Paradoxically, alongside all this emptiness and loss is an Abundance. The fields are full of abandoned cherry, apple, pear, plum, almond, walnut, and fig trees as well as grape vines. They offer us so much fruit that we cannot manage to eat, preserve, freeze, press, or dry it all. As much as we try, most of the fruit drops to the ground, becomes covered with flies, or ends up filling the bellies of crows and porcupines.
Our Daily Bread
Perhaps you are familiar with the prayer “Our Father.” There is one line in this prayer that we would all do well to recite, no matter what faith (or non-faith) we adhere to:
“Give us this day our daily bread.”
So much is held in this simple sentence. First we are asking for “bread,” the “staff of life”. Perhaps the most basic of foods that can support life, bread has accompanied our meals since time immemorial. Secondly, this bread that we ask for is enough for just one day – enough to meet our needs for the present. We do not ask for enough bread to last until next year. Or for enough bread to go on holiday or pension. Or enough bread to fill our freezer. We are asking for daily bread so that we can remain grateful everyday for what we have in the present moment (which is just enough). When we ask daily for what we need, we are also continually reinforcing our relationship with the Higher Source of all the abundance in our lives.

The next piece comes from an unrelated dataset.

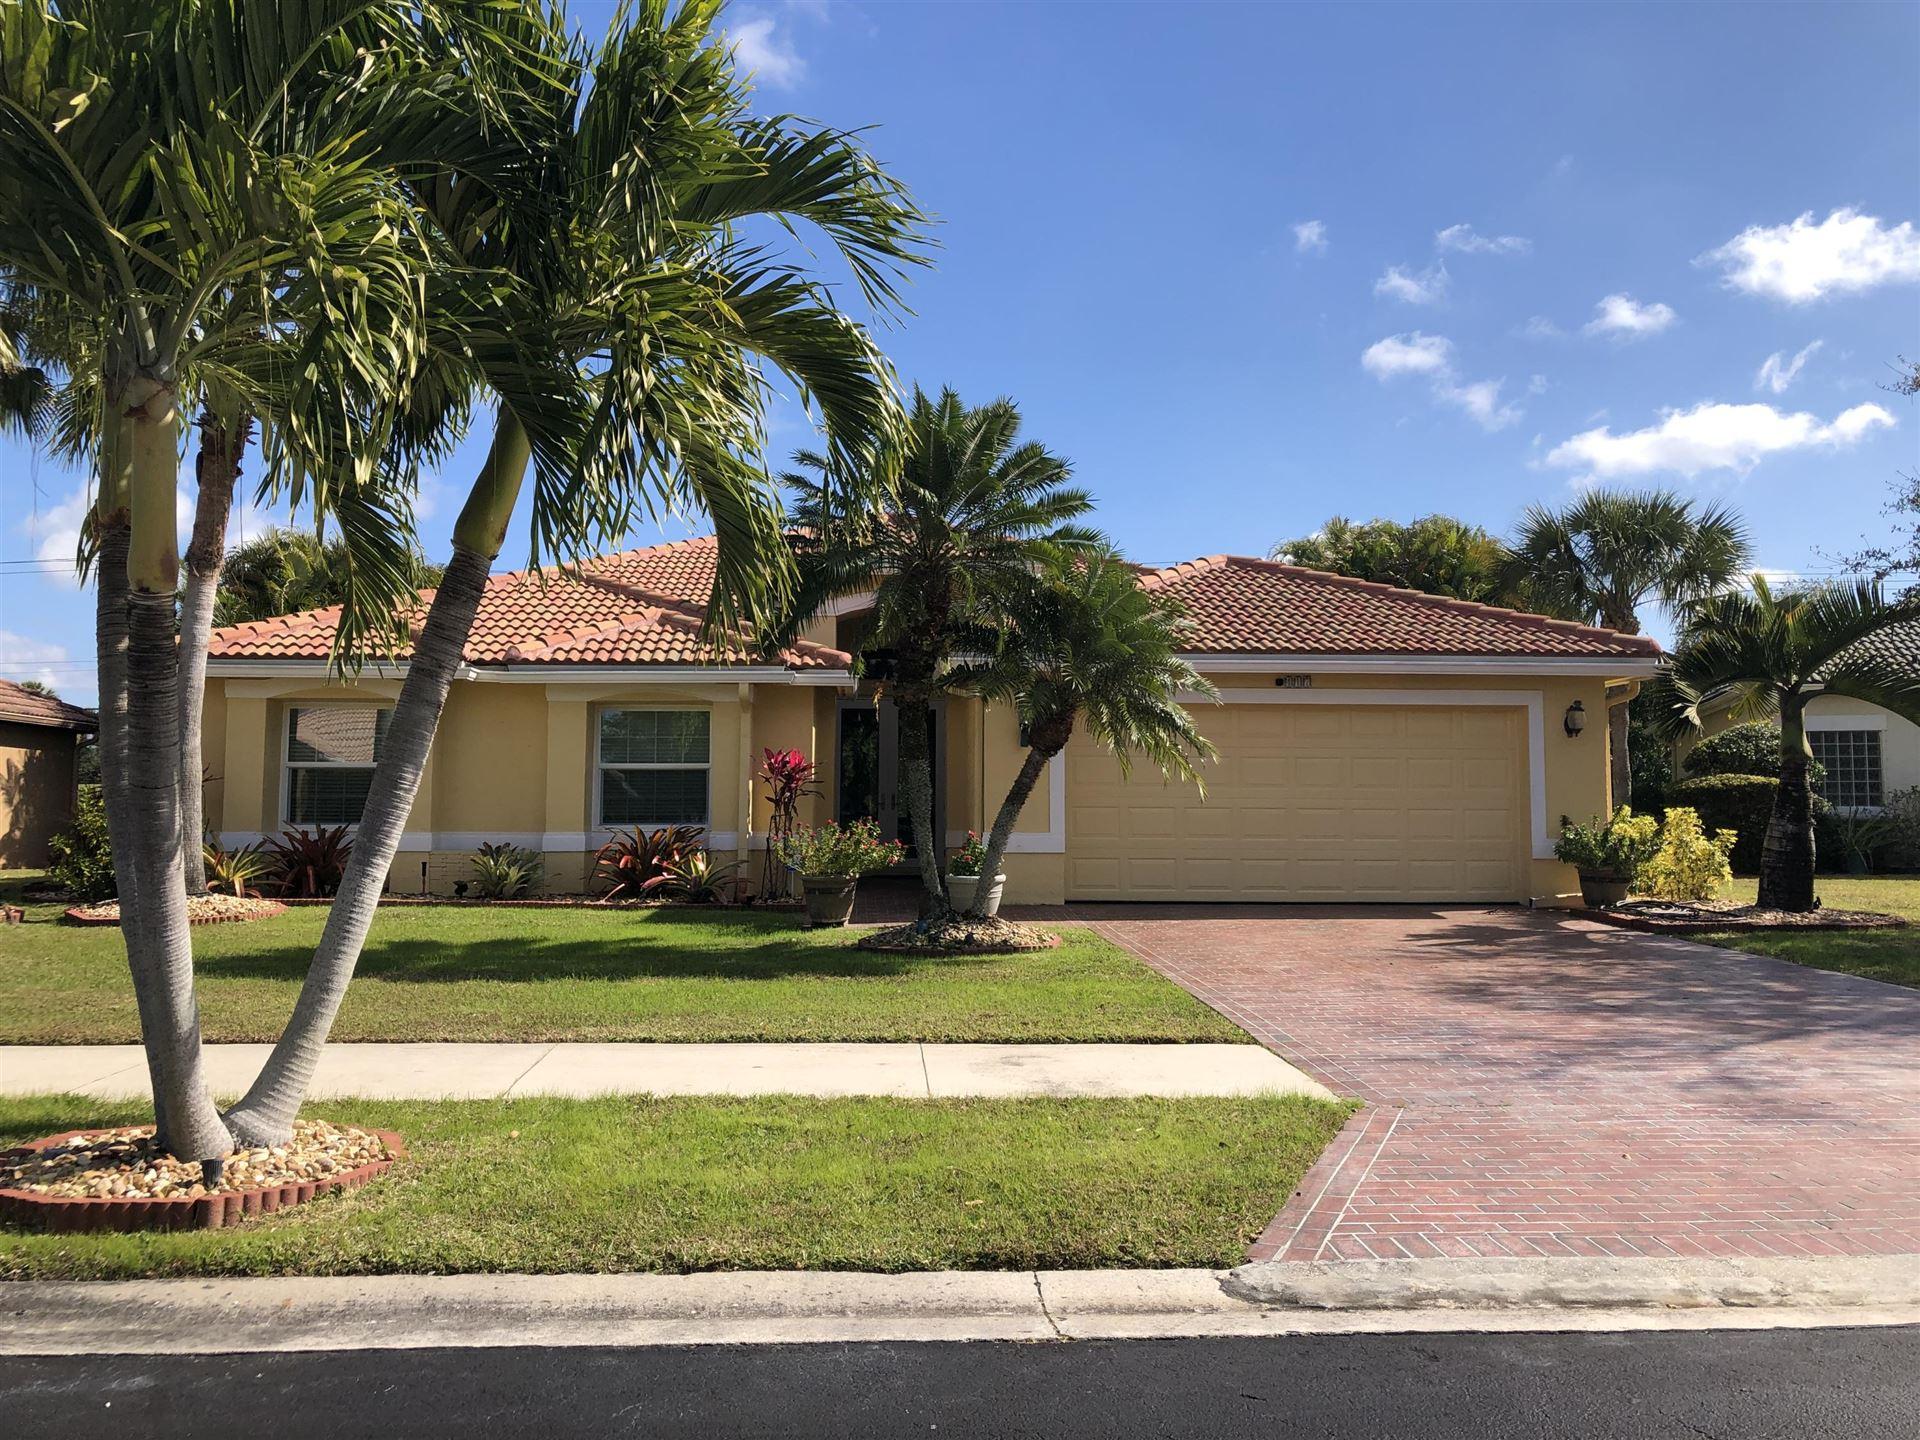 417 SW Crabapple Cove, Port Saint Lucie, FL 34986 - #: RX-10686842

Thirdly we ask for our daily bread. We are not just asking that we ourselves have enough. We are asking that there is enough for our entire community, for the entire world.

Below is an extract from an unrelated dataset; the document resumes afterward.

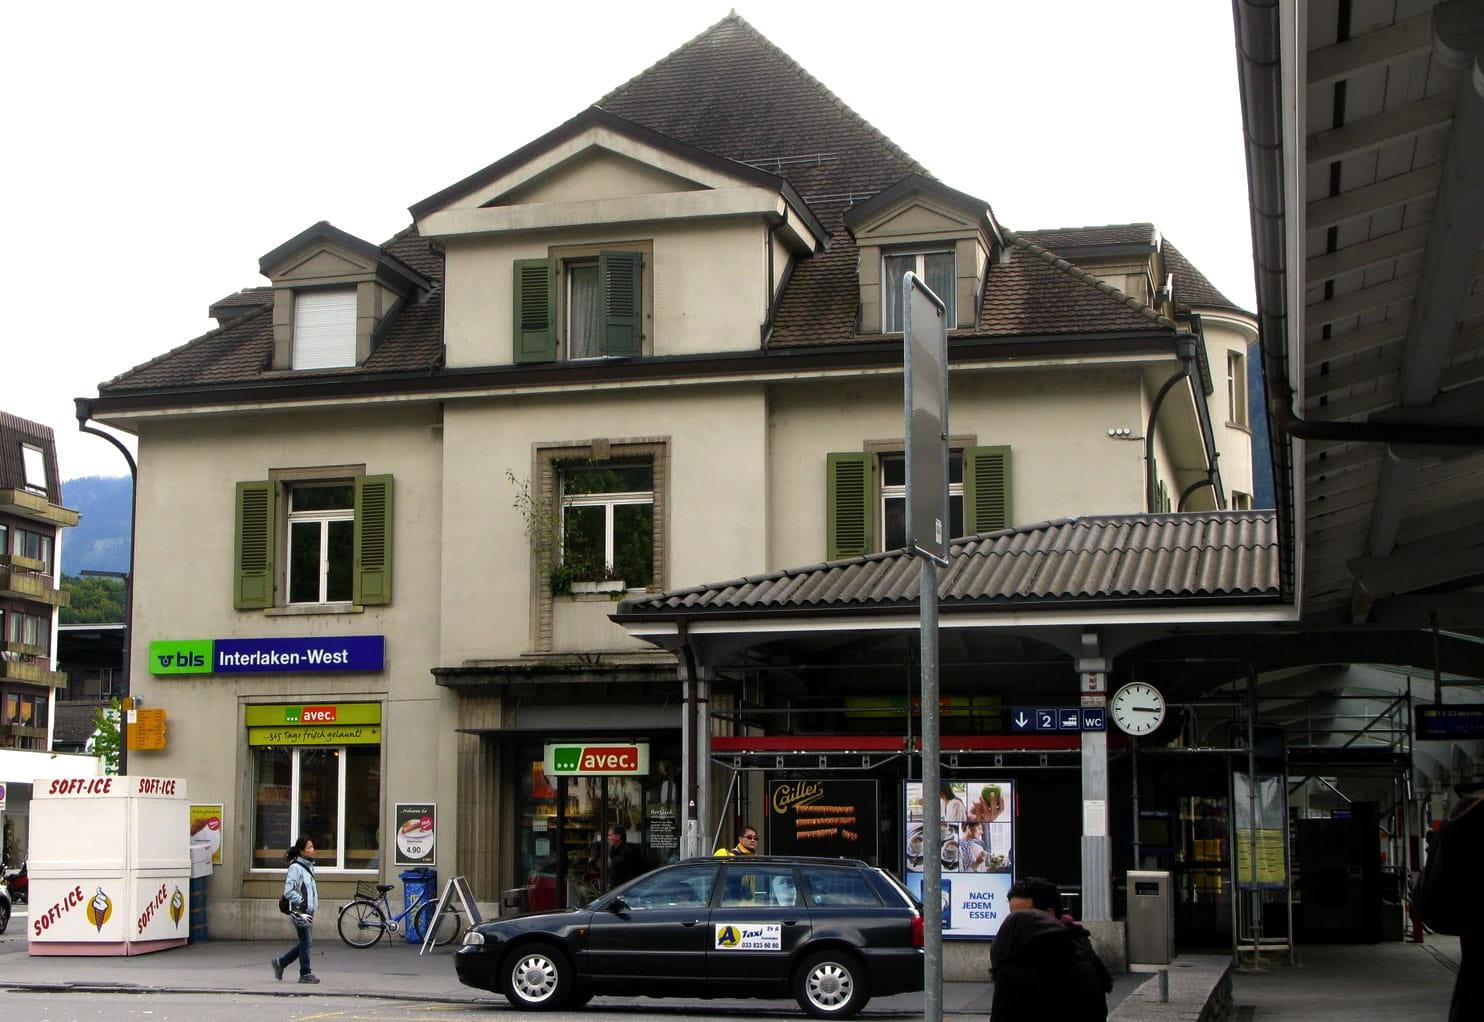 Bhf-Interlaken-West1

Gratitude Activates Abundance Activates Gratitude…
You have probably heard of (and perhaps even experienced being in) a “vicious circle.” This pattern corresponds with one of Assagioli’s Psychological Laws:
“Law IV – Emotions and impressions tend to awaken and intensify ideas and images that correspond to or are associated with them.”

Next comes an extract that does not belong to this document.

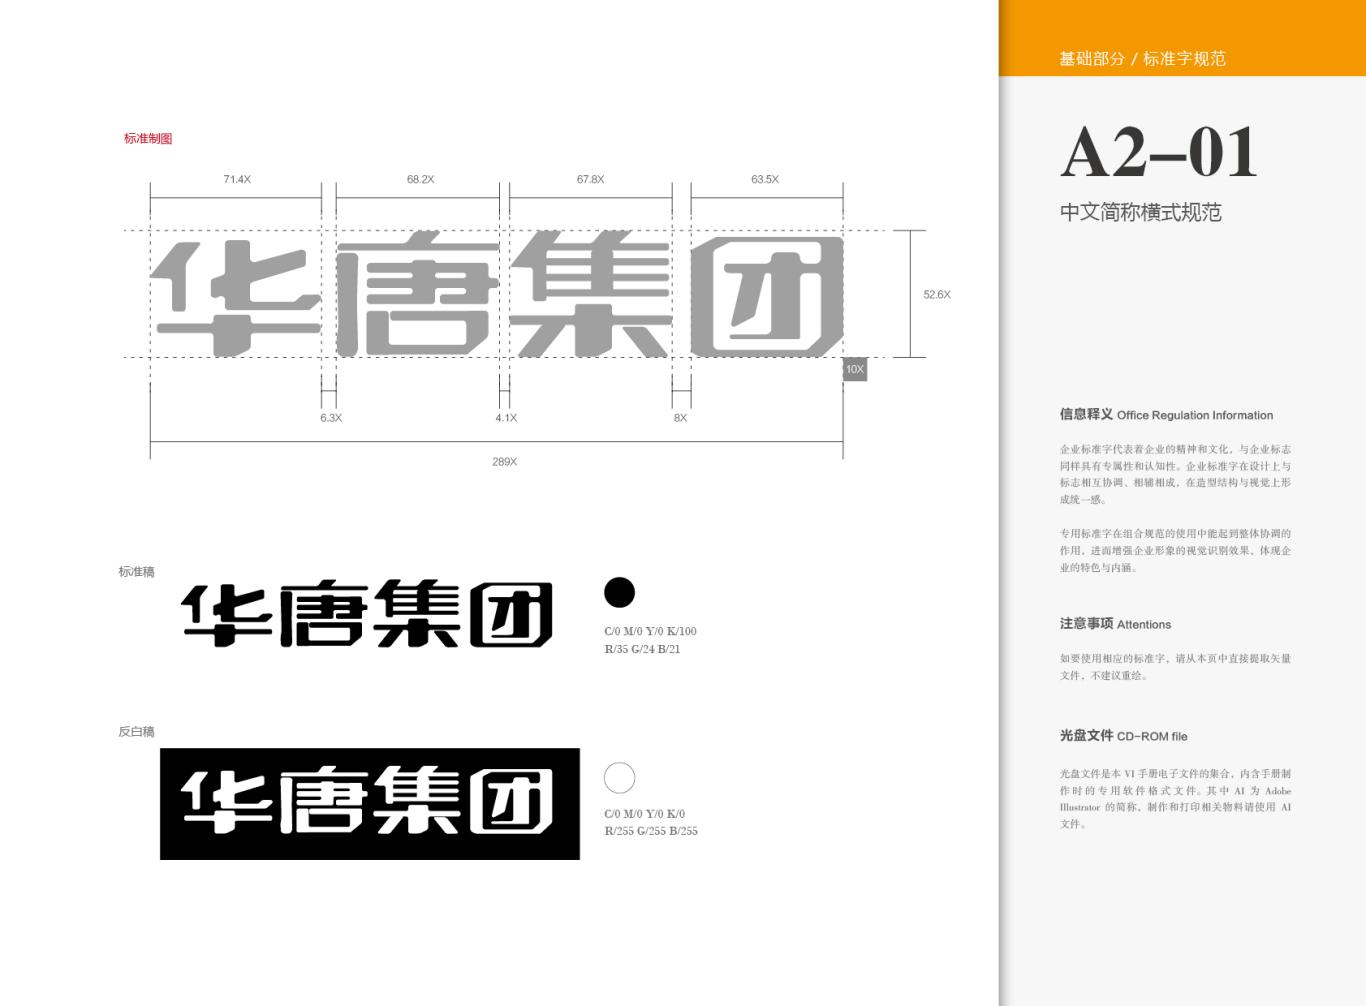 华唐教育集团 VI图8

For example, you fear becoming lost, so you imagine yourself lost, and these mental images soon produce corresponding situations in your life where you are lost.
But there is good news! We can also use this law for our benefit by entering into a “virtuous circle.” For example, Assagioli wrote of how a spiritual attitude of gratitude and appreciation can bring about abundance.
In note he wrote:
“Gratitude and appreciation should be taken and maintained towards everything. This means to acknowledge and honor the presence of God in all affairs. But … we must appreciate without attachment. Our detachment is facilitated by our appreciation of everything and not just one special thing.”
A Remarkable Story about Emptiness filled with Abundance
Finally, I want to share a remarkable story of Abundance. My dear friend Susan (not her real name) was on holiday walking to a bus stop when her body violently twisted in the air and she fell to the ground unconscious. She awoke to learn that she had brain cancer. During a phone conversation, Susan asked me, “Catherine, why did I always worry about money?” Susan is a wonderfully talented writer. Although she has won many awards and international recognition, she has always struggled with supporting herself as a writer.
Only at the end of our conversation, did Susan reveal what was burning behind her question. A New York client of hers, whose work she has edited over the past years, did something extraordinary when he learned about her health crisis. He wrote her a check. A check for $80,000.
Trust me. God’s Abundance is beyond our imagination. More fruit than you or me can eat off the tree. More help than you might ever dream of. We have just to direct our will into the virtuous circle of Joy, and be continually grateful for our daily bread.
Many thanks to Susan for letting me share her story.